In the fashion world, eponyms are numerous: Etienne Corset (1760-1832) was a French tailor who made stiffened undergarments for army officers; later, the contraptions were adapted for women's use; George Duffel (1796-1843) was a British naval purser who made simple coats for sailors which became popular among civilians ashore; Charles Mackintosh (1766-1843), a Scottish chemist, patented a waterproof fabric for raincoats; and Jacob Trowser (1779-1848), an English tailor, advertised his garments as "Trowser's Patent Leggings: Hygienic and Economical."
Then there's Emil Haversack (1819-1888), a German mail carrier who designed a bag for carrying mail on his back. And Emily Satchel (1834-1905), a U.S. poet, once had her portrait painted by Picasso, but is now remembered more for her bag than her poems. Satchel could perhaps commiserate with the Italian Lorenzo Motto (1382-1459), an unsuccessful poet who adopted the motto"short and sweet" to sell his works.
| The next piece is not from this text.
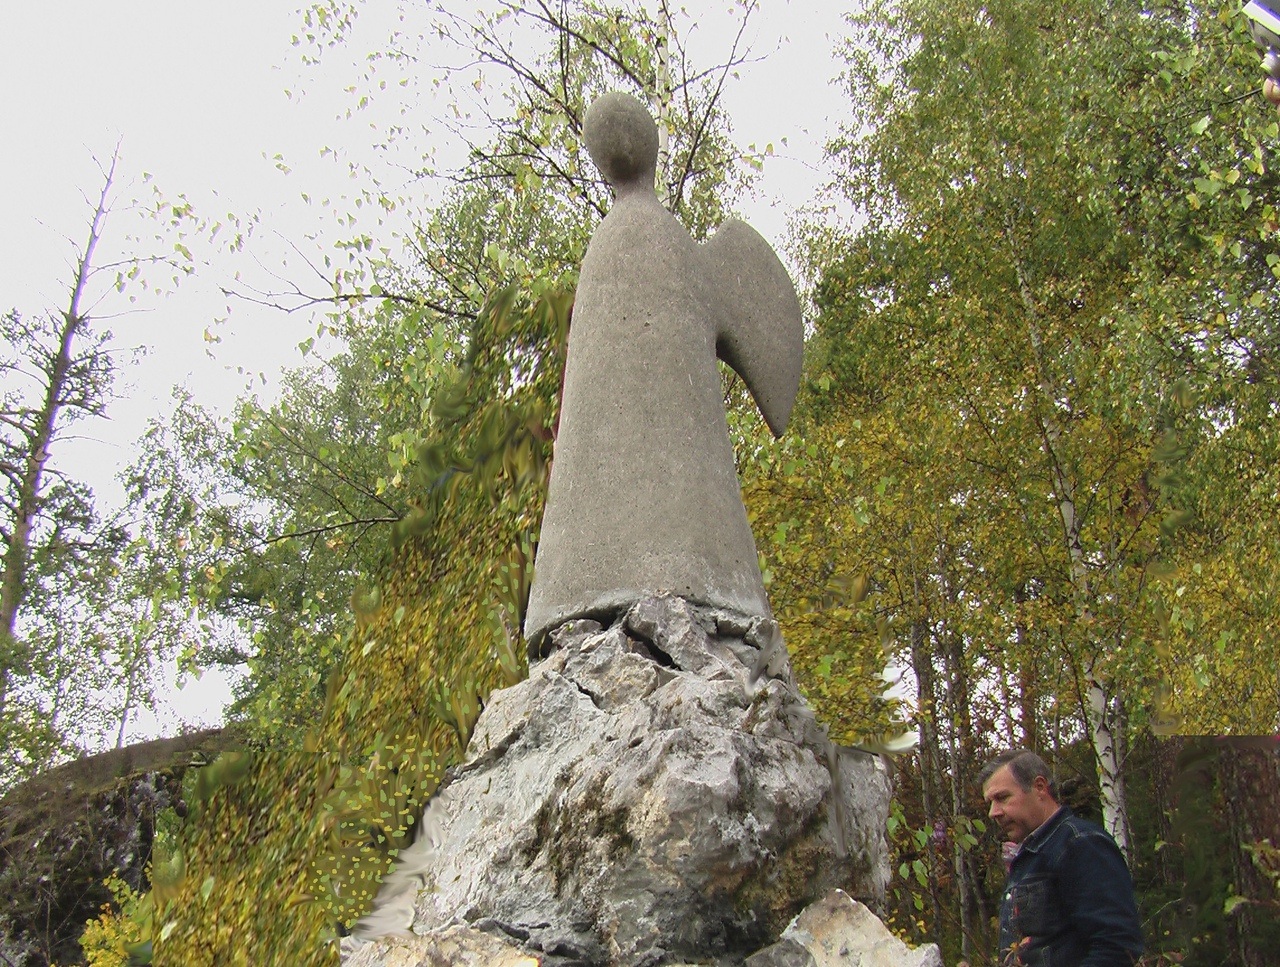 Ангел появился в парке «Оленьи ручьи» в 2005 году и стал символом этого места

Finally, the term doggerel derives from the English poet Matthew Doggerel (1330-1405), whose verses are rightly forgotten.
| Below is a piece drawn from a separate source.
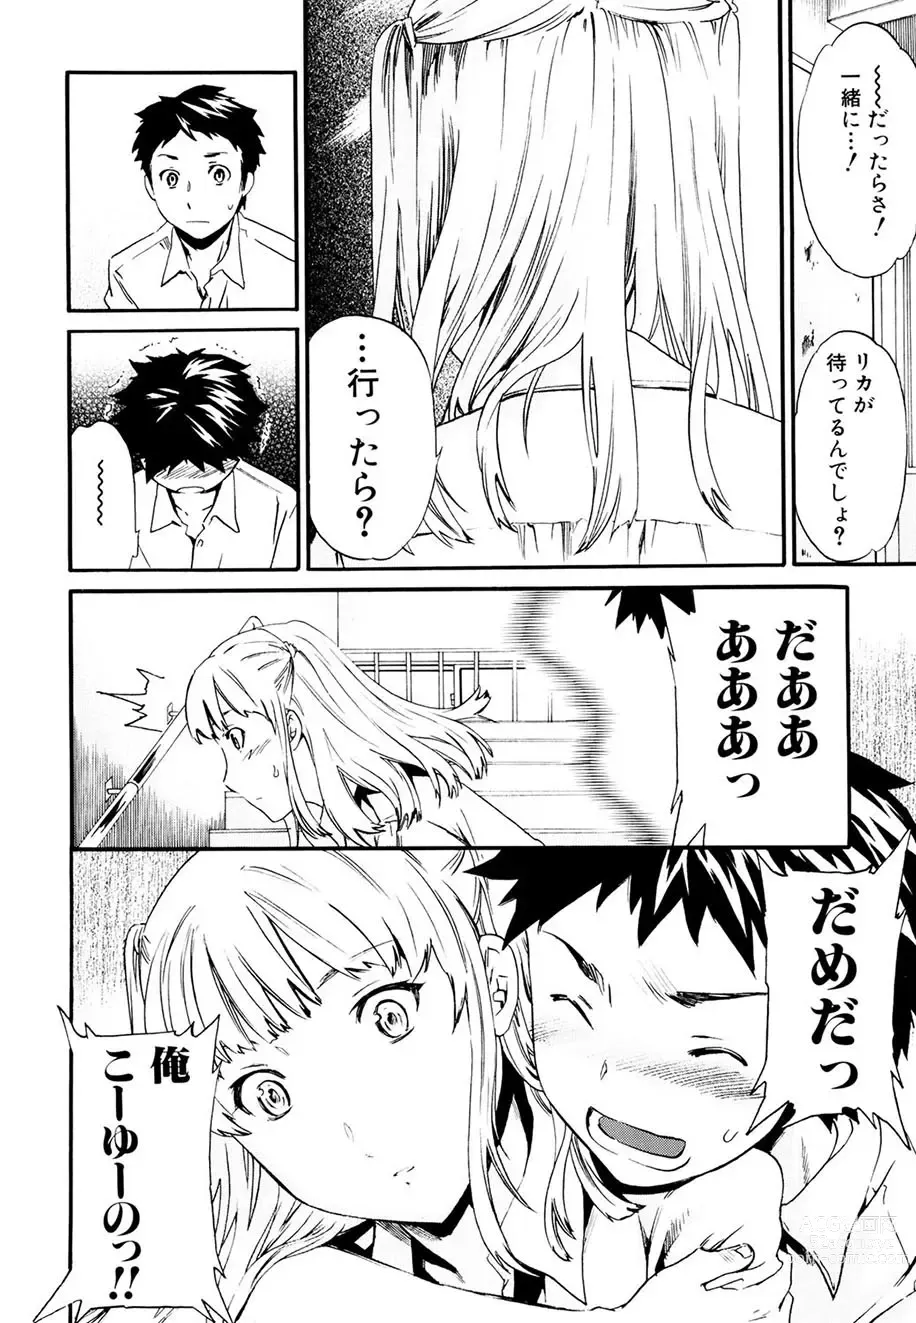 Page 135 of manga Shitai Kara Suru no

But thats not it for eponyms. Not yet. Imre Kiosk (1862-1921), a Hungarian, made a fortune from his chain of 400 stalls offering newspapers and cigarettes throughout the Austro-Hungarian Empire. And Walter Gadget (1848-1918), U.S. businessman, sold such ingenious household devices that his name stuck in the public's memory.
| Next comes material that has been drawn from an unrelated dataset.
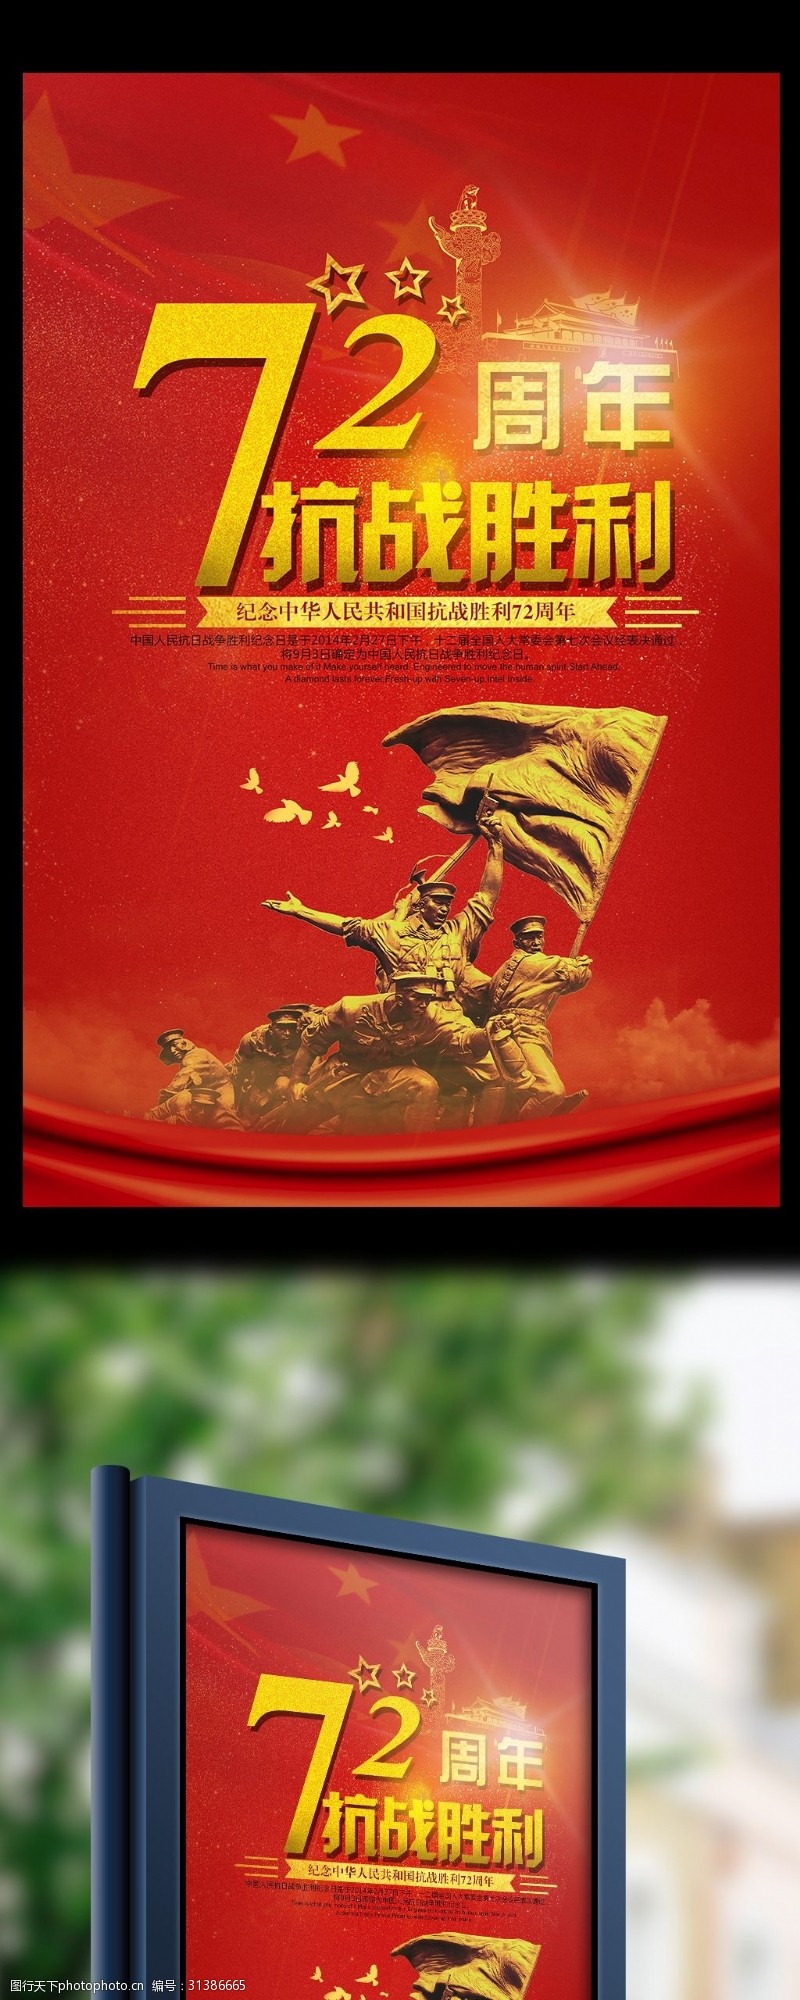 革命烈士抗战胜利72周年宣传海报设计

But other eponyms, like dunce, owe their existence to less remarkable beginnings. Scottish Franciscan philosopher John Duns Scotus (1266-1308), whose writings were ridiculed in the 16th century, gets the credit, of course. And the word boycott comes from Captain Charles Boycott (1832-1897), a British landlord's agent in Ireland who was ostracized by his tenants in 1879.
Amid such entertaining names, one rises above all others. Unique among eponyms is spoonerism, which first appeared in the Oxford Dictionary in 1885, defined as "an accidental transposition of the initial sounds, or other parts, of two or more words." Spoonerism owes its origin to Dr. William Spooner (1844-1930), a lovable Anglican cleric and scholar who lectured in divinity and philosophy at Oxford. His unintentional syllable juggling is said to have been the result of a weakness of the association center in his brain. The first recorded example was during a church service at Oxford in 1879, when Spooner told the congregation, "We will now sing Hymn 87, Kinquering congs their tatles tike." In another sermon, he said, "Our Lord is a shoving leopard."
Through the centuries, eponymists have provided us with many useful things from buffets to bugles. But Spoonerand othersleft us with even more than useful names for useful things; they gave us a legacy of laughter. Indeed, Spooner's slips of the tongue still found sunny today.